Repeat, exactly as written, the lines from the one with "The Moline city" to the final line of the listing, and keep every picture out.
═════ Exercise data
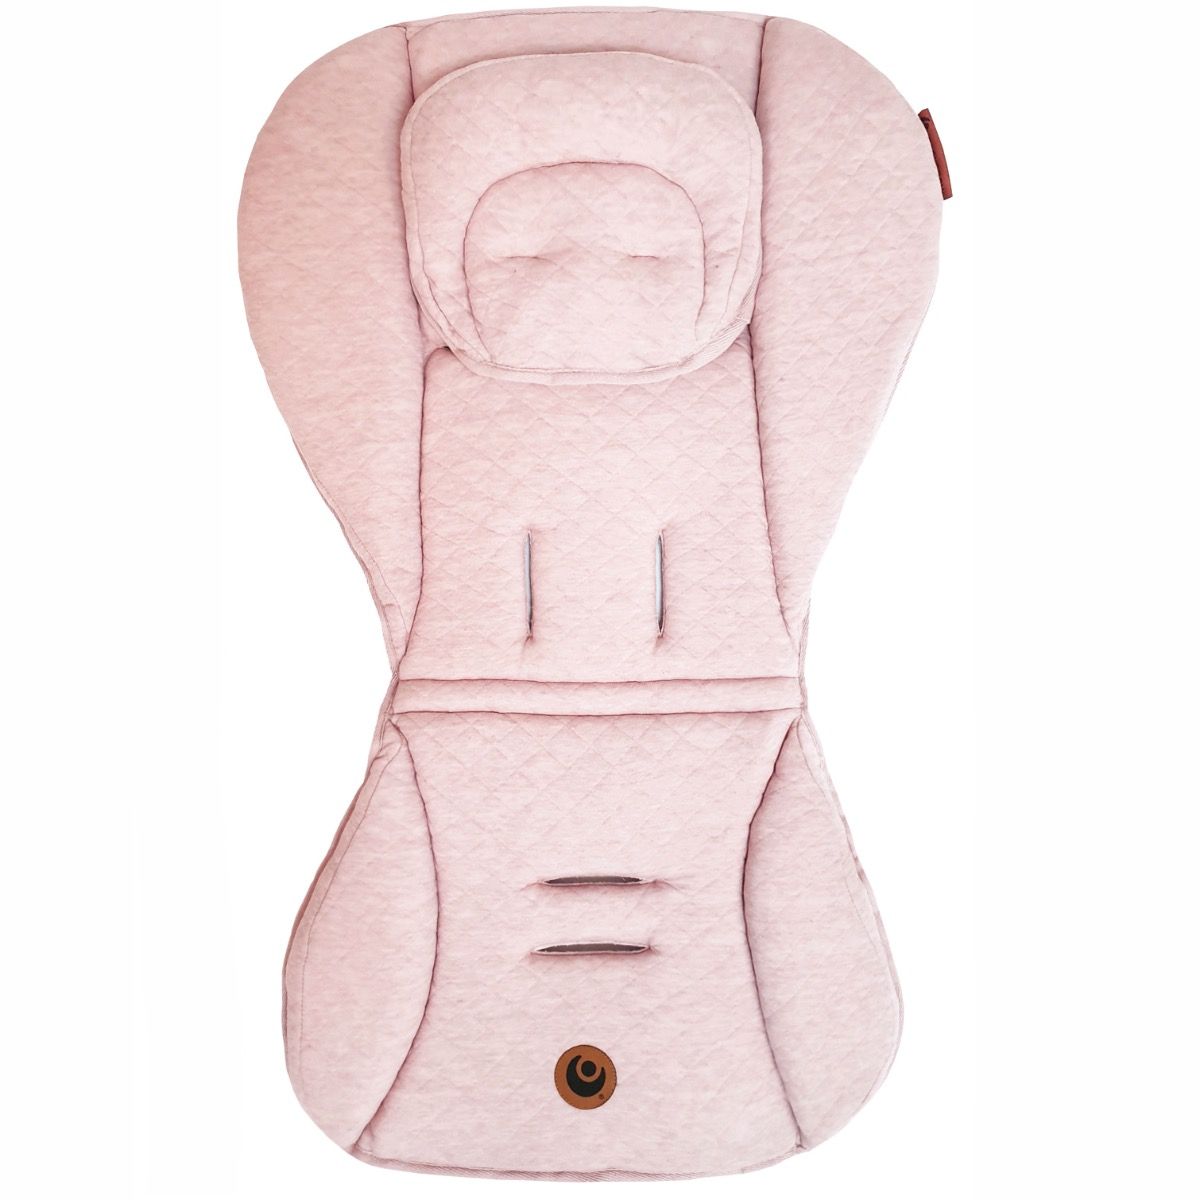 Easygrow Minimizer Support, Dusty Pink
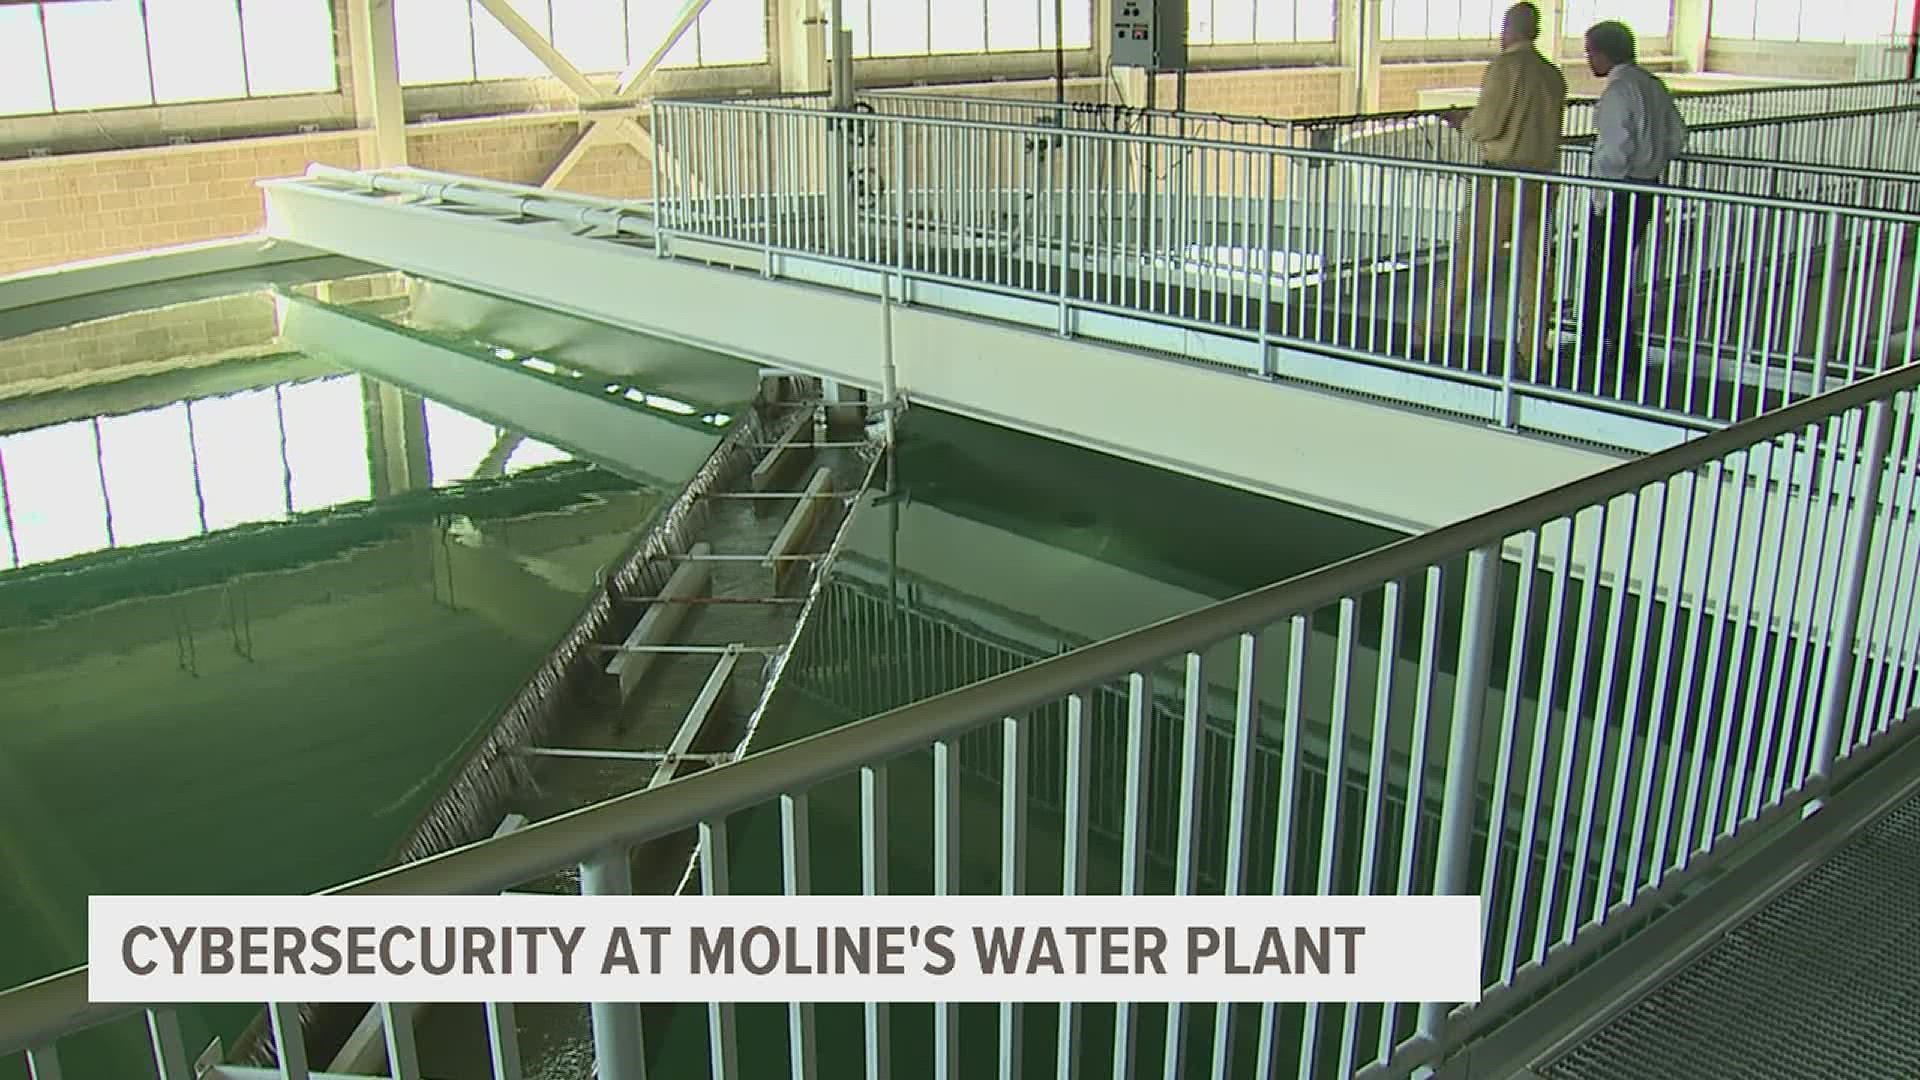 The Moline city council will hold a vote Tuesday Sept. 13 on the proposal to improve the Moline water treatment plant's computing software.
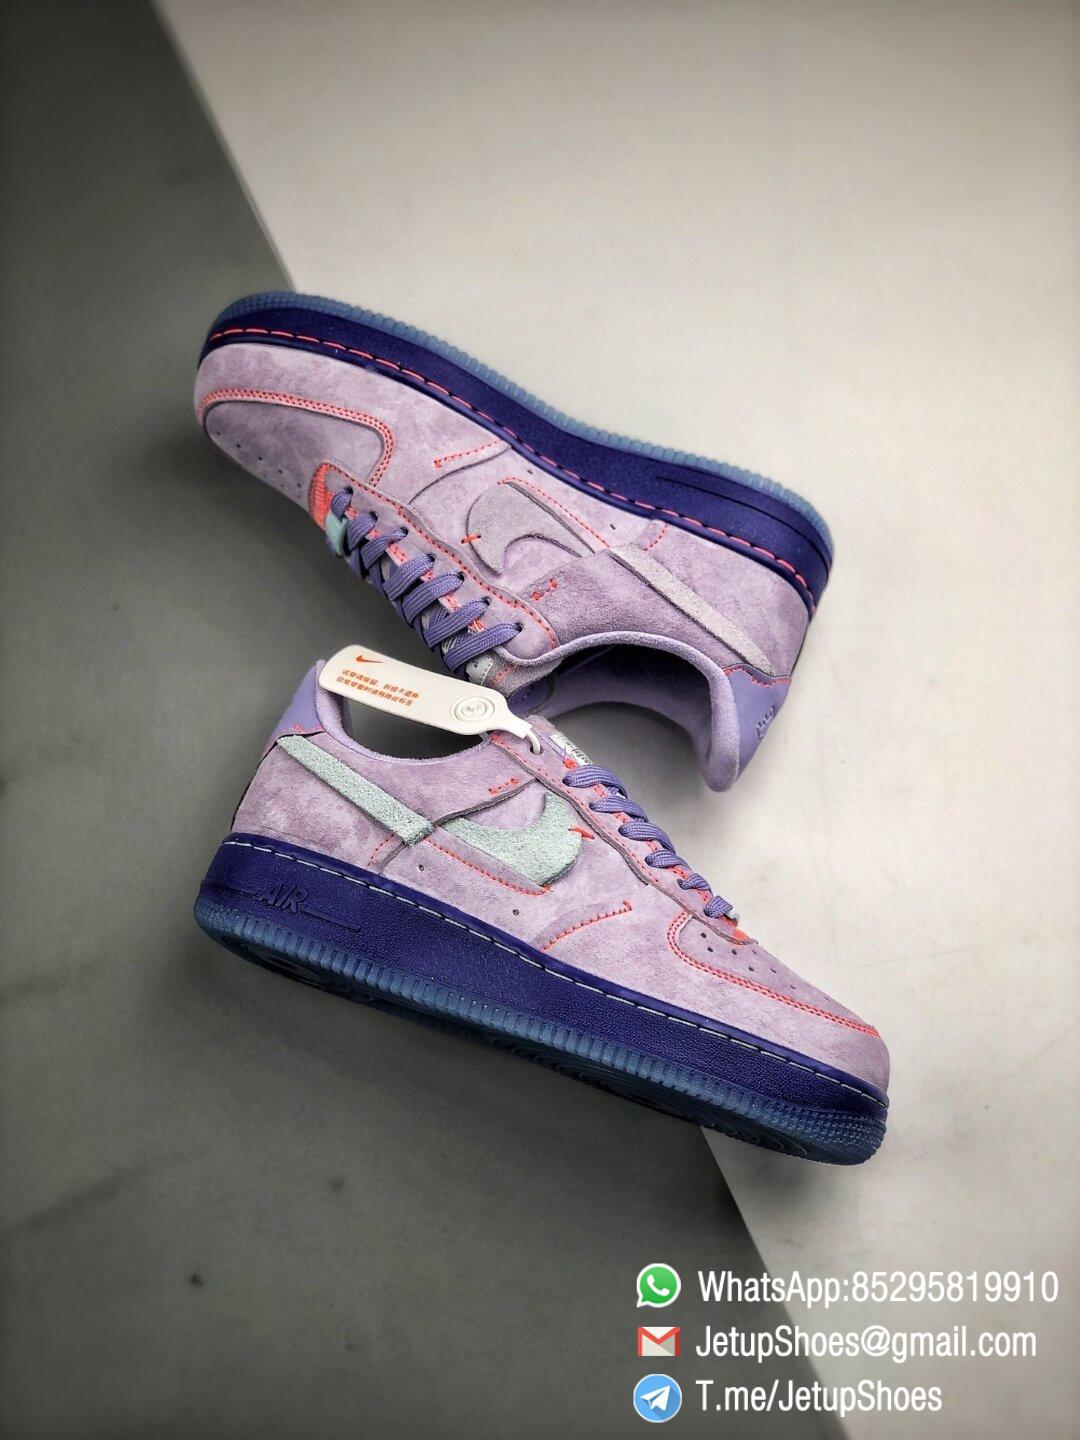 The Wmns Air Force 1 Low LX 'Purple
══════════
Exercise solution:
 The Moline city council will hold a vote Tuesday Sept. 13 on the proposal to improve the Moline water treatment plant's computing software.
 The Wmns Air Force 1 Low LX 'Purple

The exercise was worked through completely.